After defining the interfaces, it was time to implement them. I implemented both ways, using Kafka and an internal queue, allowing the project to be built into a single self-contained binary if the user wants. You can check the producers’ and consumers’ implementations in the source code. It’s pretty straightforward using the franz-go library.

The API

The final piece of the project is the API, which allows users to make requests and retrieve their processed video files. I used the Echo framework for its simplicity and my familiarity with it, enabling me to get things running quickly and efficiently.

Endpoints

The API exposes three main endpoints:

Health (/health): Provides a quick way to check if the service is running.
Process (/process): Handles video processing requests by accepting multipart form data, including the video file and a JSON payload describing the processing.
Static Files (/files): Serves the processed video files from the specified output directory.

All the magic actually happens at the /process endpoint, where users can request the video processing they need.

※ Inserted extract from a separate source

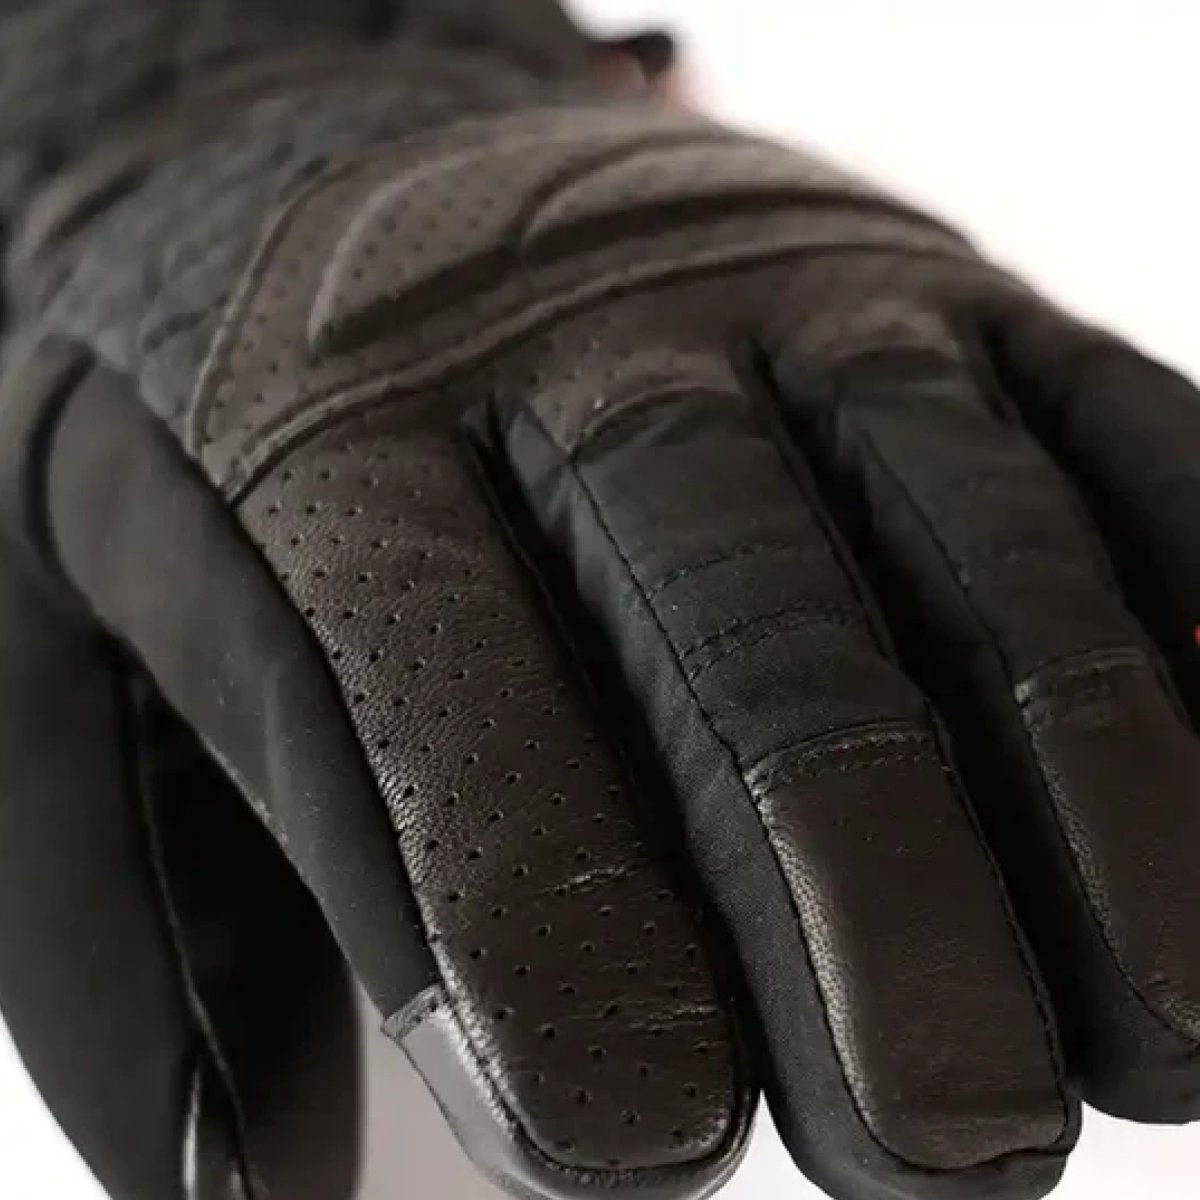 Rukavice vyhřívané Lenz Heat glove 6.0 Finger Cap W - černá (bez baterie)

func (ph *ProcessHandler) Handler(c echo.Context) error {
	request, err := ph.parseRequest(c)
	if err != nil {
		return ph.respondWithError(c, http.StatusBadRequest, "invalid request", err)
	}

	fileLocation, err := ph.handleFileUpload(c)
	if err != nil {
		return ph.respondWithError(c, http.StatusInternalServerError, "internal server error", err)
	}
	request.Input.UploadedFilePath = fileLocation

	eventId, err := ph.processEvent(c, request)
	if err != nil {
		return ph.respondWithError(c, http.StatusInternalServerError, "internal server error", err)
	}

	return c.JSON(http.StatusOK, map[string]string{"message": "processing request", "id": eventId})
}

This route validates the user’s request, saves the uploaded file locally, and triggers the message to be processed. If everything is okay, the user will receive the ID of the request just created. Once the request is completed, the user will be notified via the webhook.

Is That It?

While this article covers a substantial portion of the project’s foundation, many aspects were not discussed, such as mocking, testing, and the specific services that integrate these components. Proper mocking and testing ensure reliability and maintainability, while services like logging and monitoring enhance robustness. Handling user-uploaded files securely and optimizing performance are also crucial areas that need attention.

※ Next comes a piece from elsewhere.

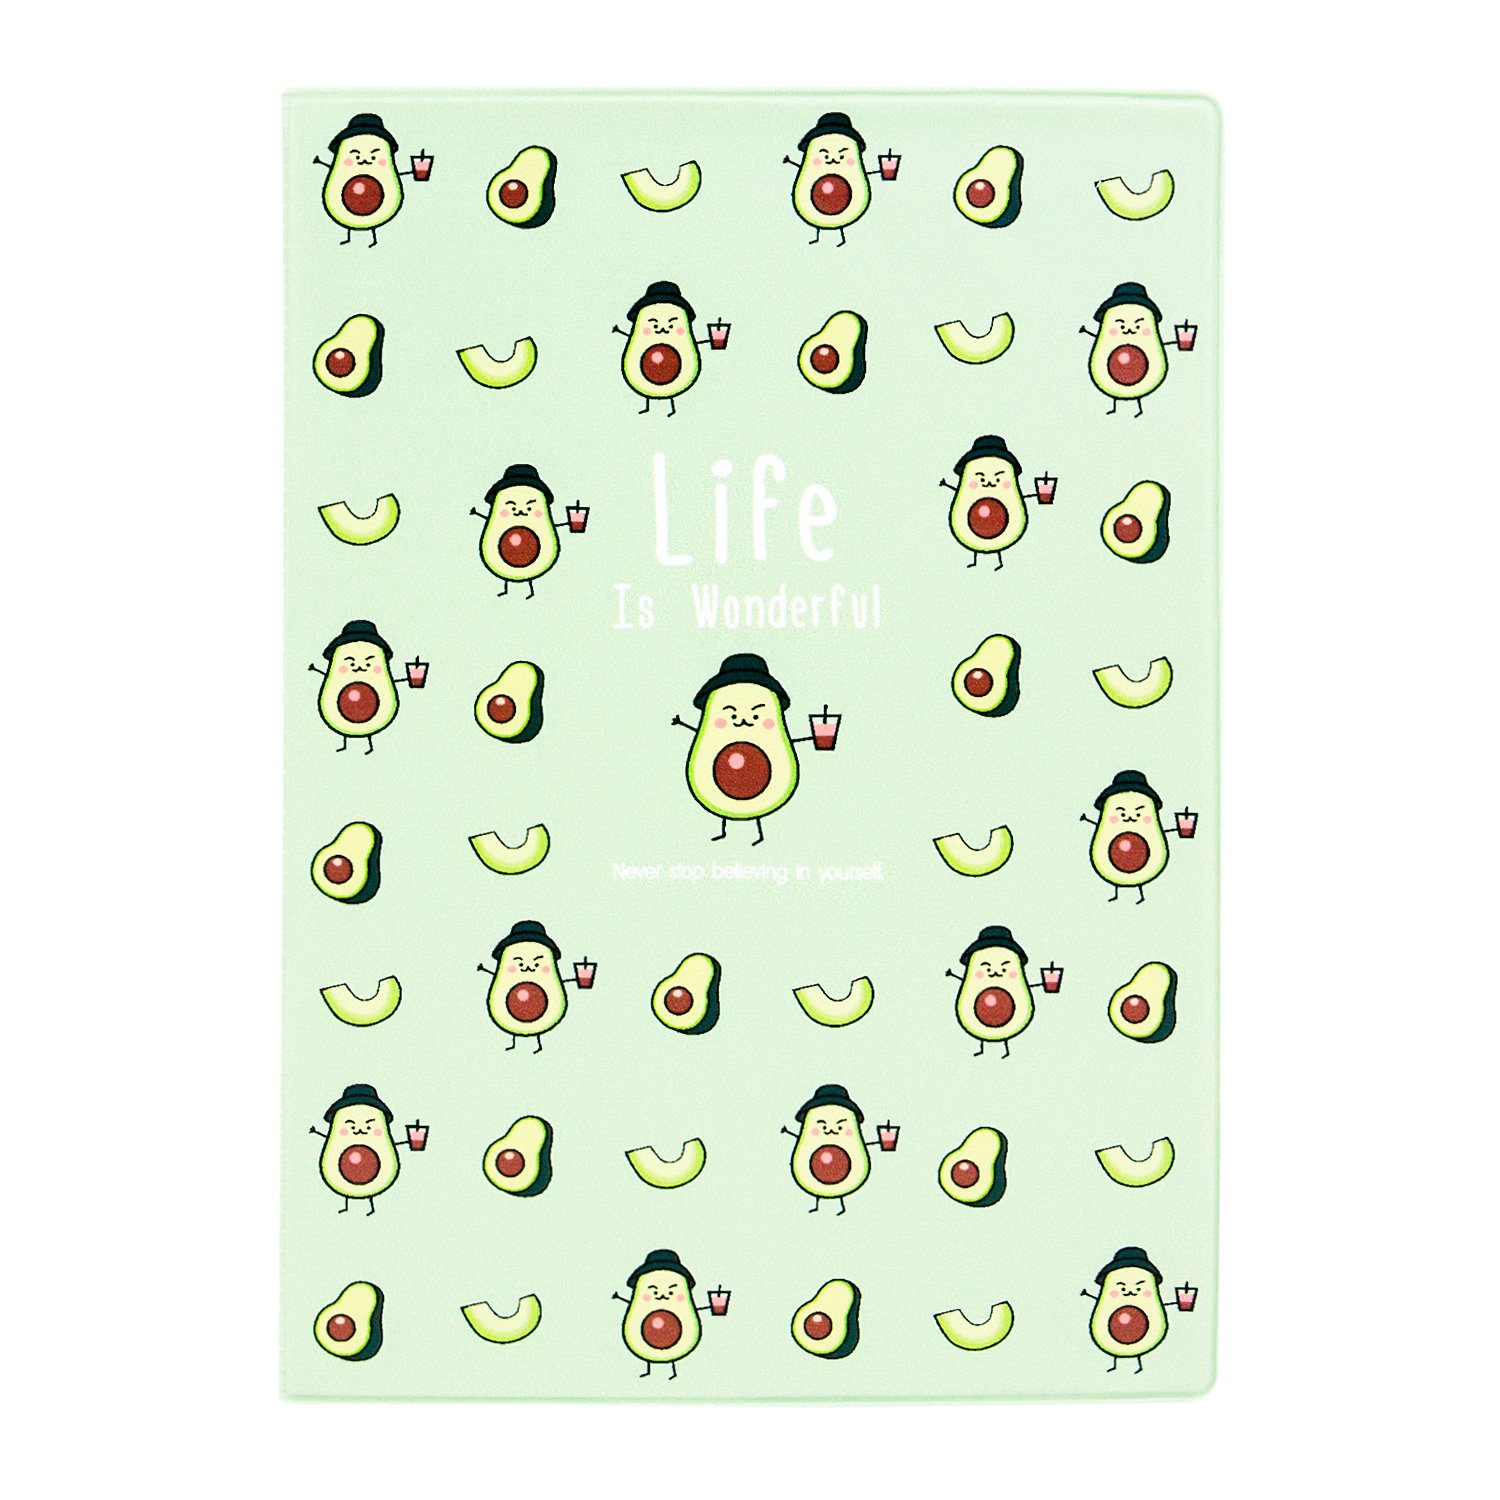 Обложка для паспорта Kawaii Factory KW064 Life is - avocados

Additionally, security aspects related to file uploads were only briefly mentioned. Implementing robust validation and sanitization mechanisms is essential to safeguard the system. For those interested in exploring the project further, the complete source code is available on my GitHub. Feel free to review, suggest improvements, or contribute to the project.

In future posts, I plan to address these omitted topics in greater detail. We will explore advanced testing strategies, integration of essential services, and security best practices. Stay tuned for these updates, and feel free to leave any questions or comments.

Next Steps

Looking ahead, we plan to containerize the application using Docker, which provides a consistent environment for running applications and simplifies deployment. Setting up a CI/CD pipeline is also a priority, automating the process of building, testing, and deploying the application, thus improving efficiency and reliability.

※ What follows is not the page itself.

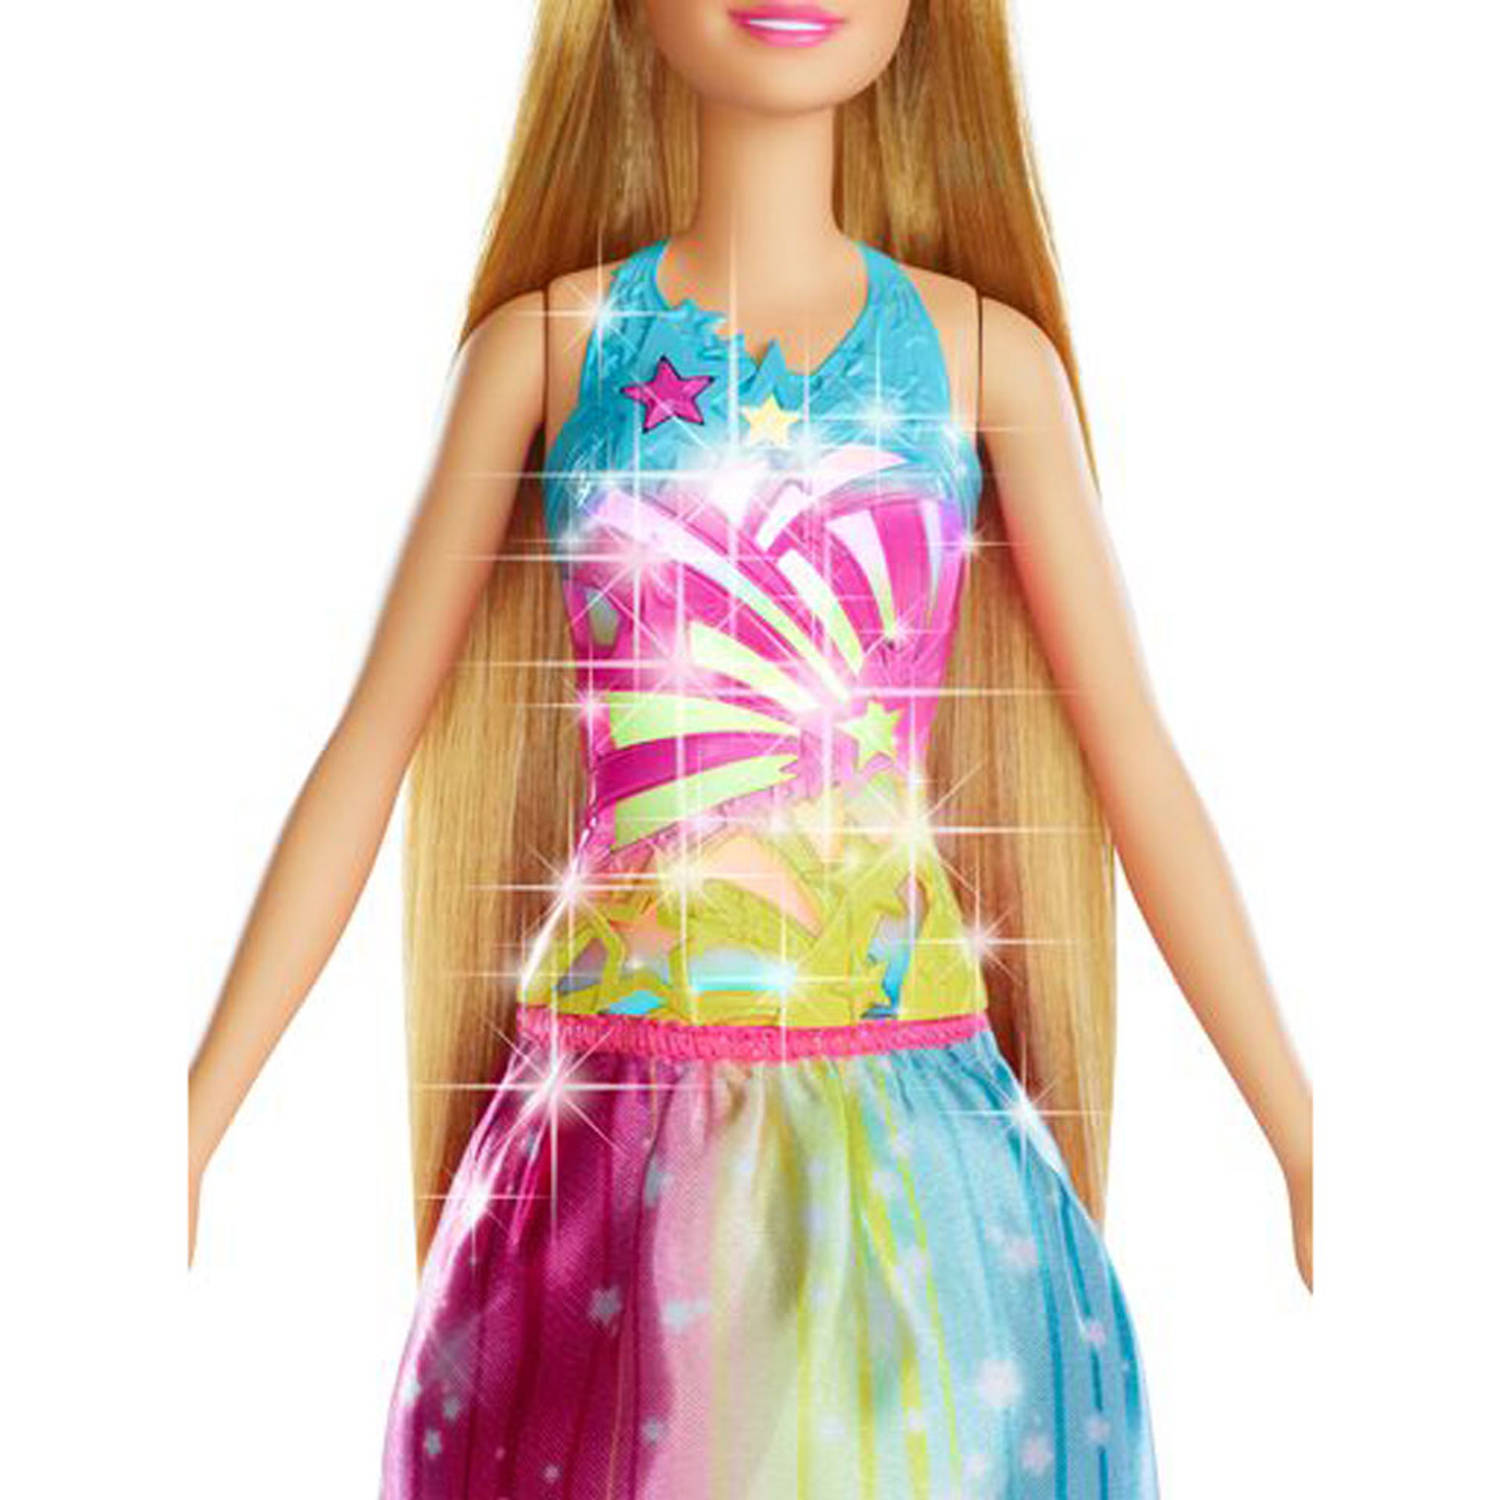 mengen gerucht Mediaan Barbie Dreamtopia Twinkelend Haar prinses pop | Blokker

Deploying the application to a Kubernetes cluster using KEDA for autoscaling is another significant step. Kubernetes offers features like automatic scaling and self-healing, and KEDA enables efficient handling of varying workloads. These steps will ensure optimal performance and resource utilization.

Additionally, numerous features and enhancements are planned for the source code. Extending video processing capabilities, improving error handling, and enhancing the user interface are among the priorities. Future blog posts will provide detailed guides on these steps, starting with Dockerizing the application and setting up the CI/CD pipeline, followed by Kubernetes deployment.